**TASK ITEM:** What is needed is an exact copy of the data below, pictures excluded.

**INFORMATION SHOWN:**
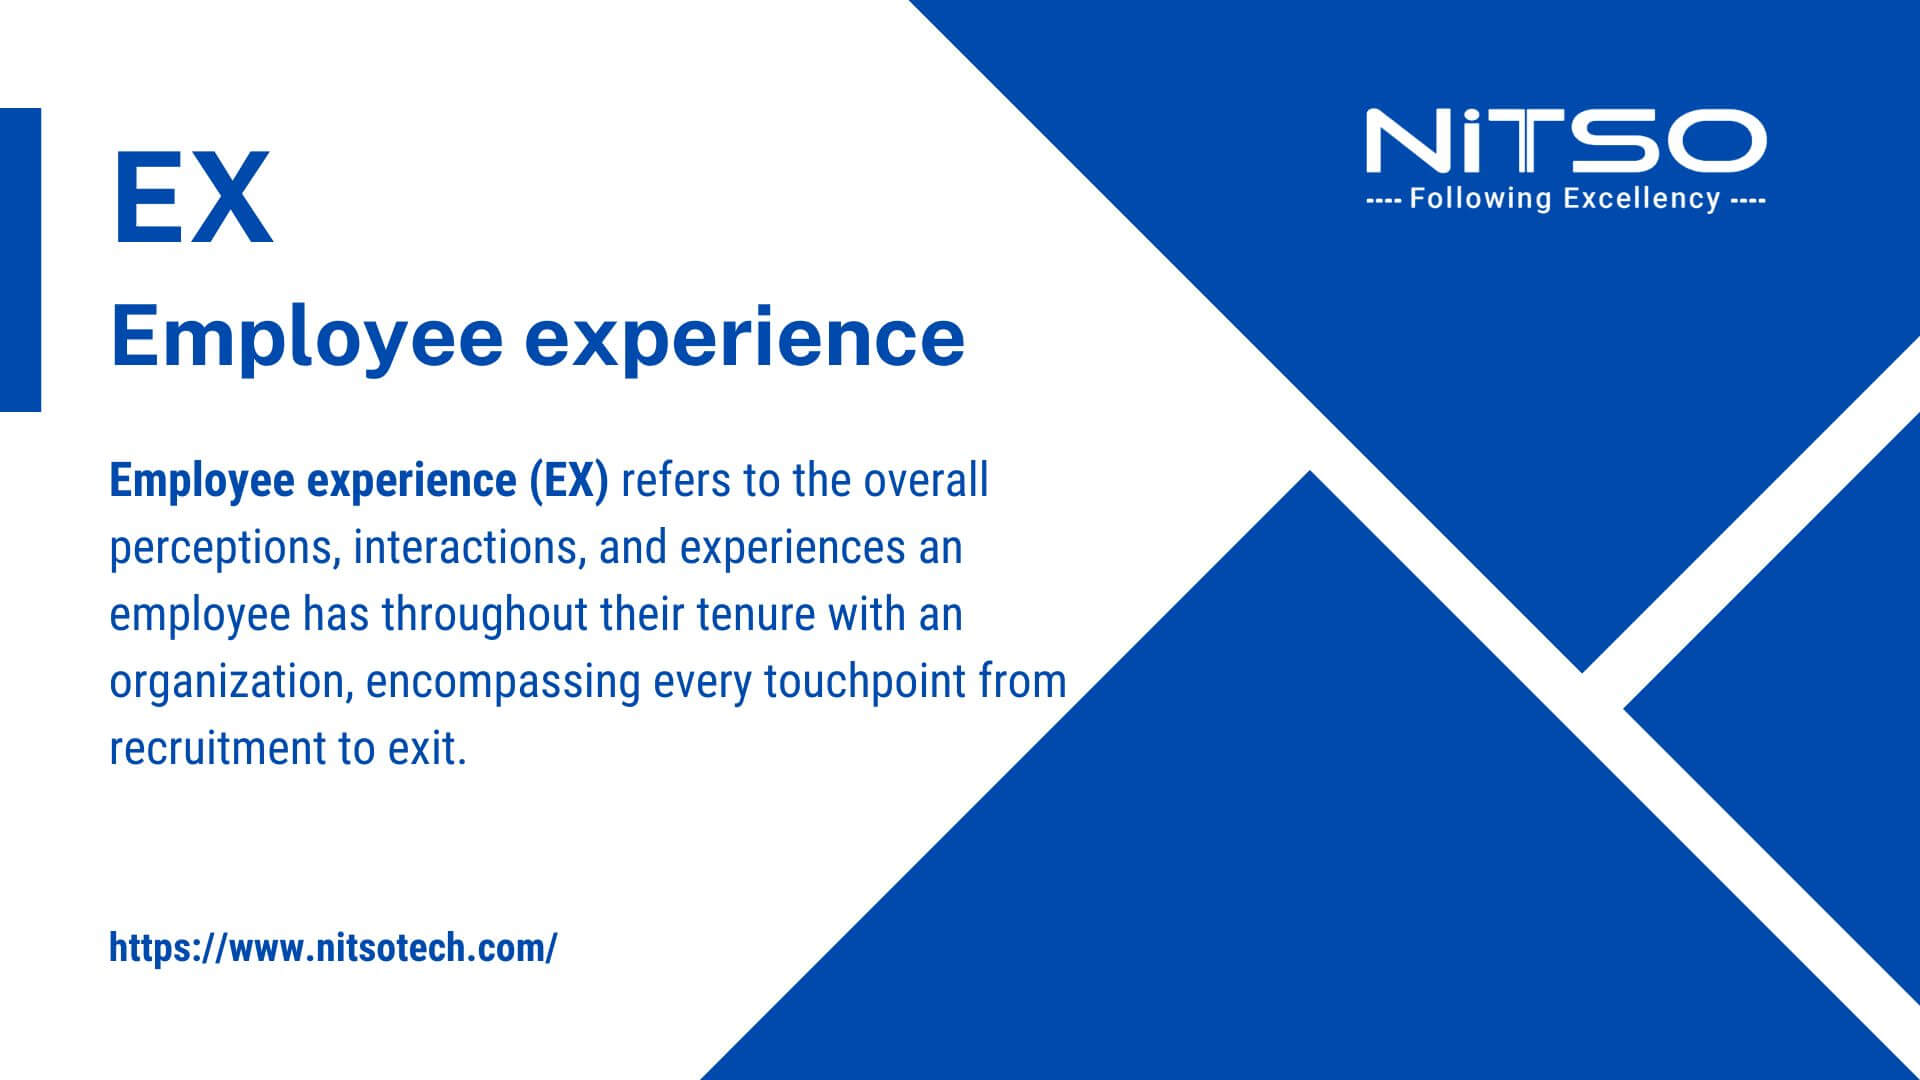 What is Employee Experience (EX)?
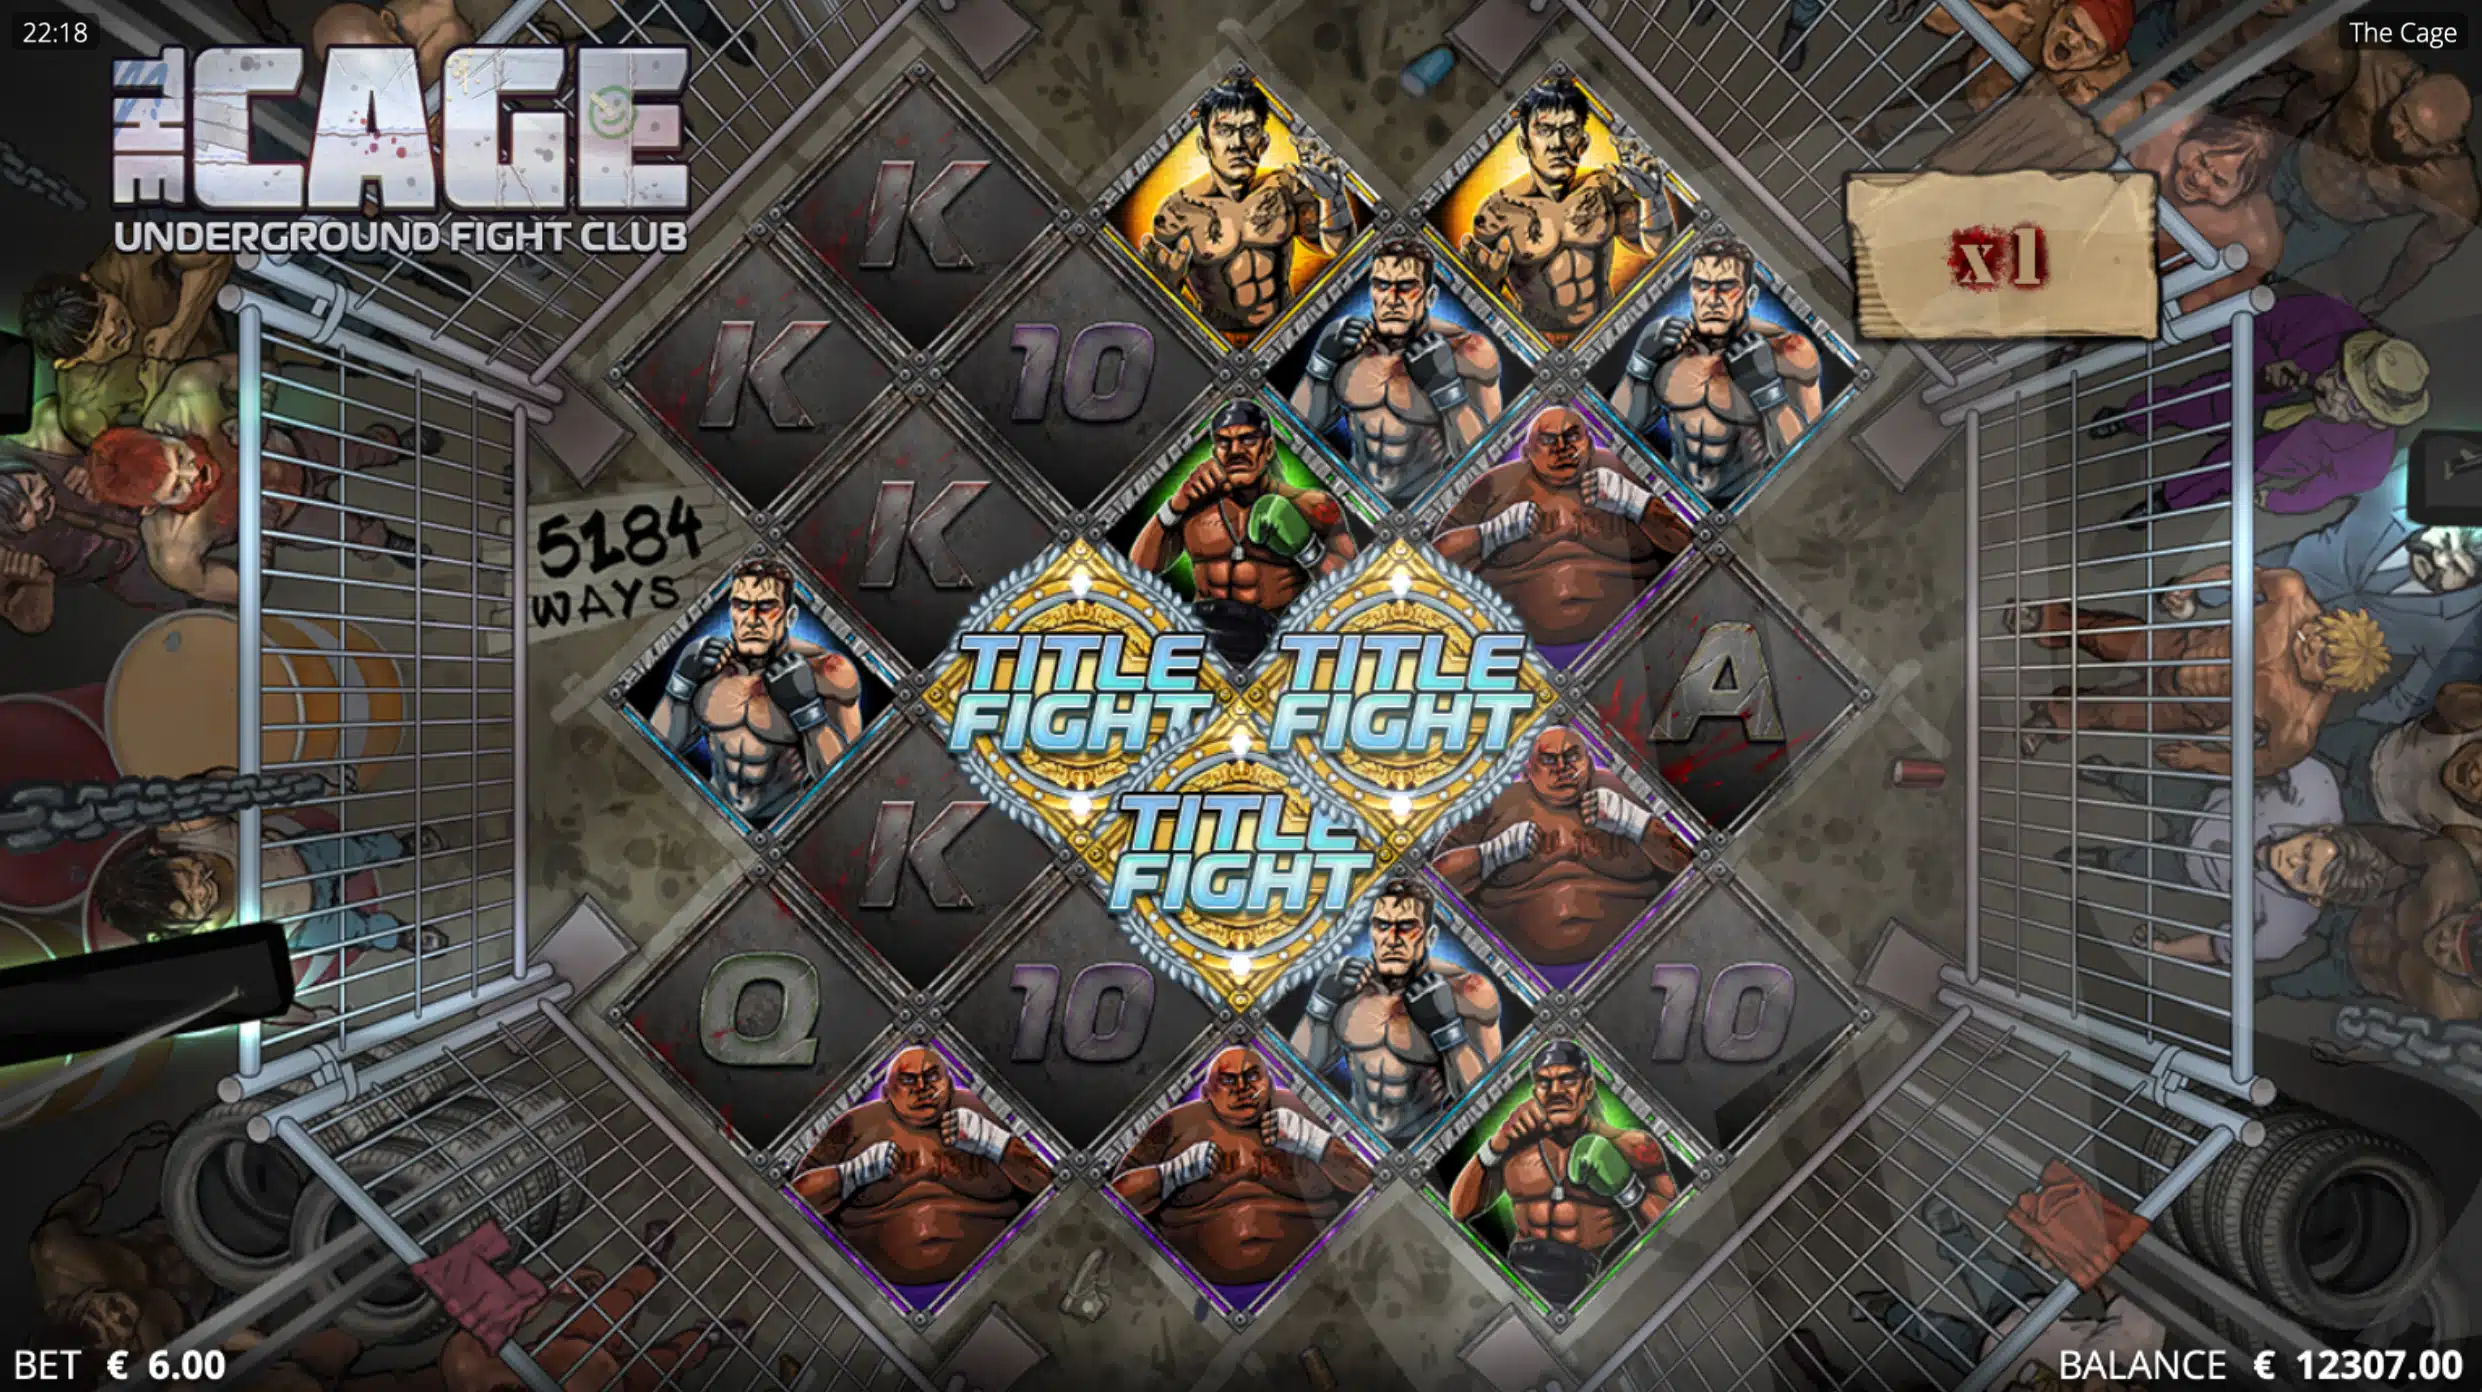 Land 3 Scatter Symbols to Trigger Title Fight Freespins
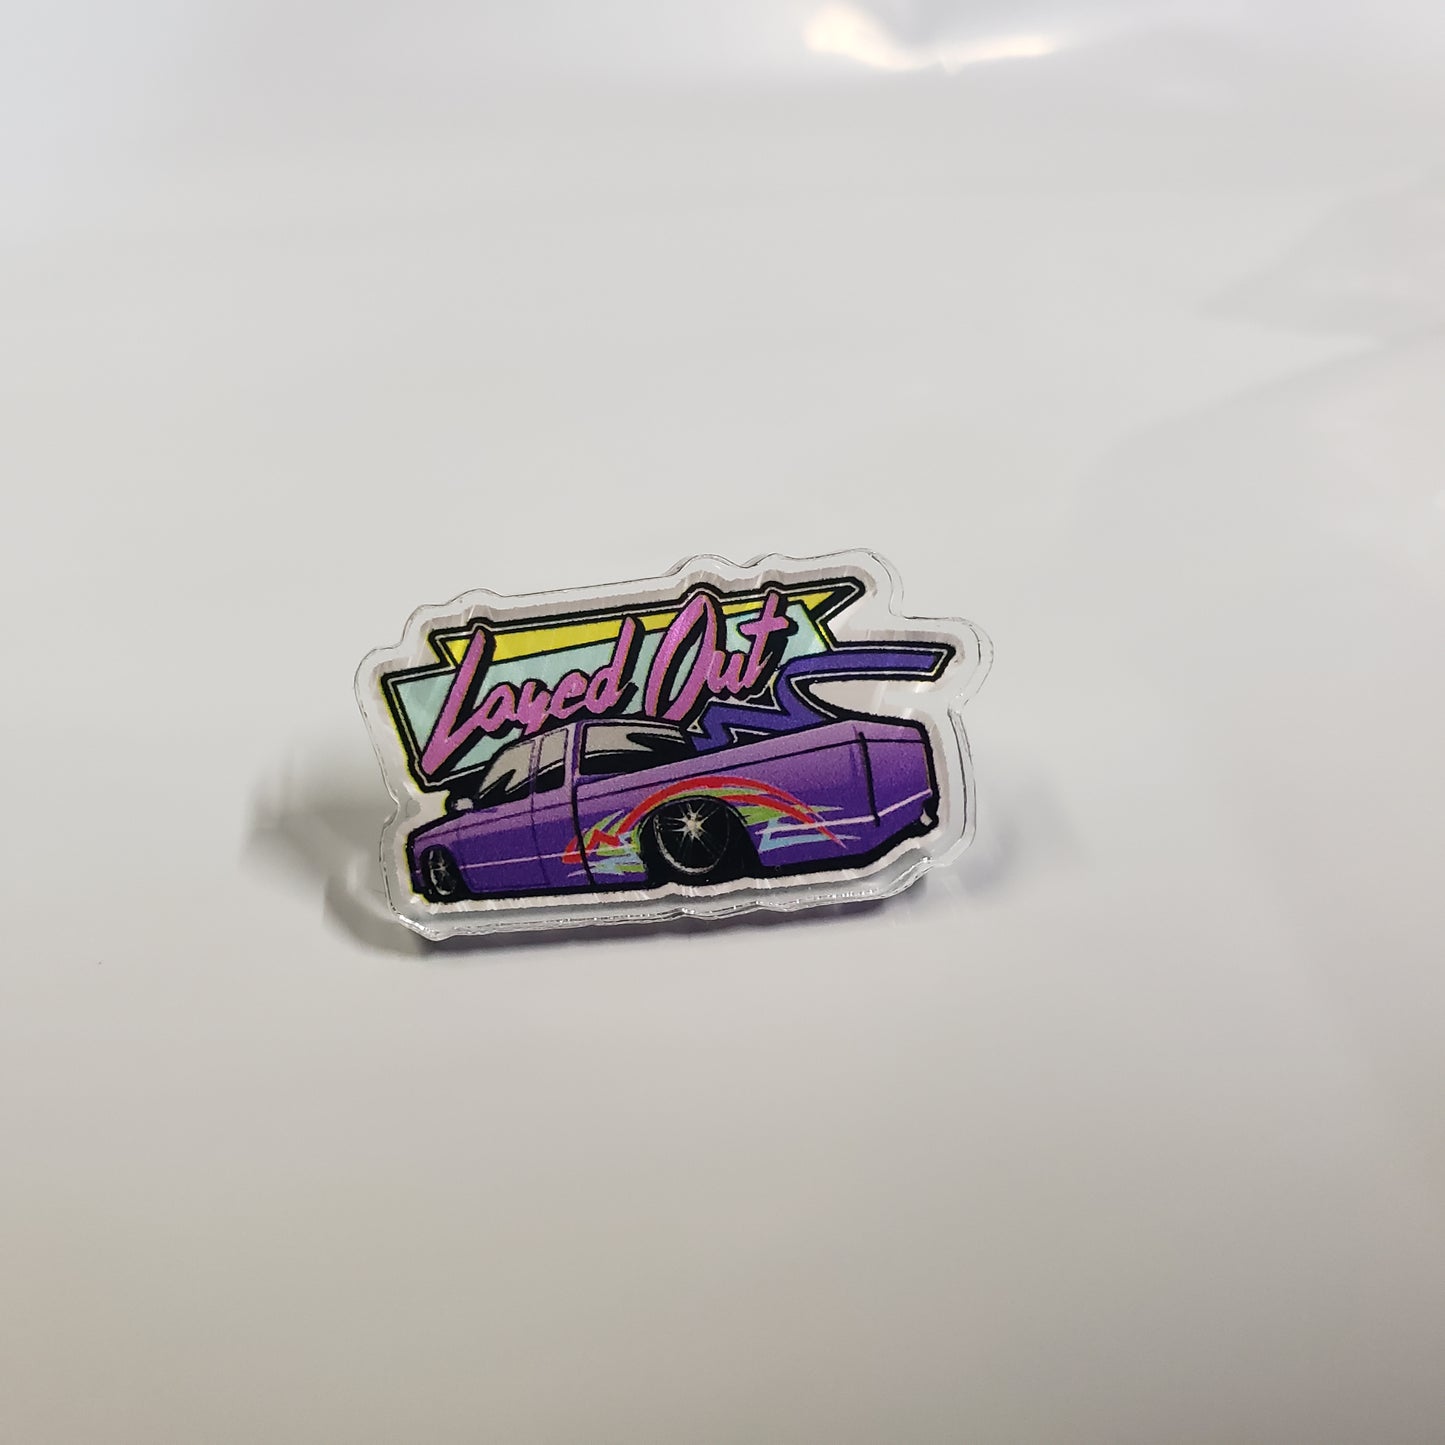 Lo Exotic Hat Pin

**RESULT BELOW:**
 What is Employee Experience (EX)?
 Land 3 Scatter Symbols to Trigger Title Fight Freespins
 Lo Exotic Hat Pin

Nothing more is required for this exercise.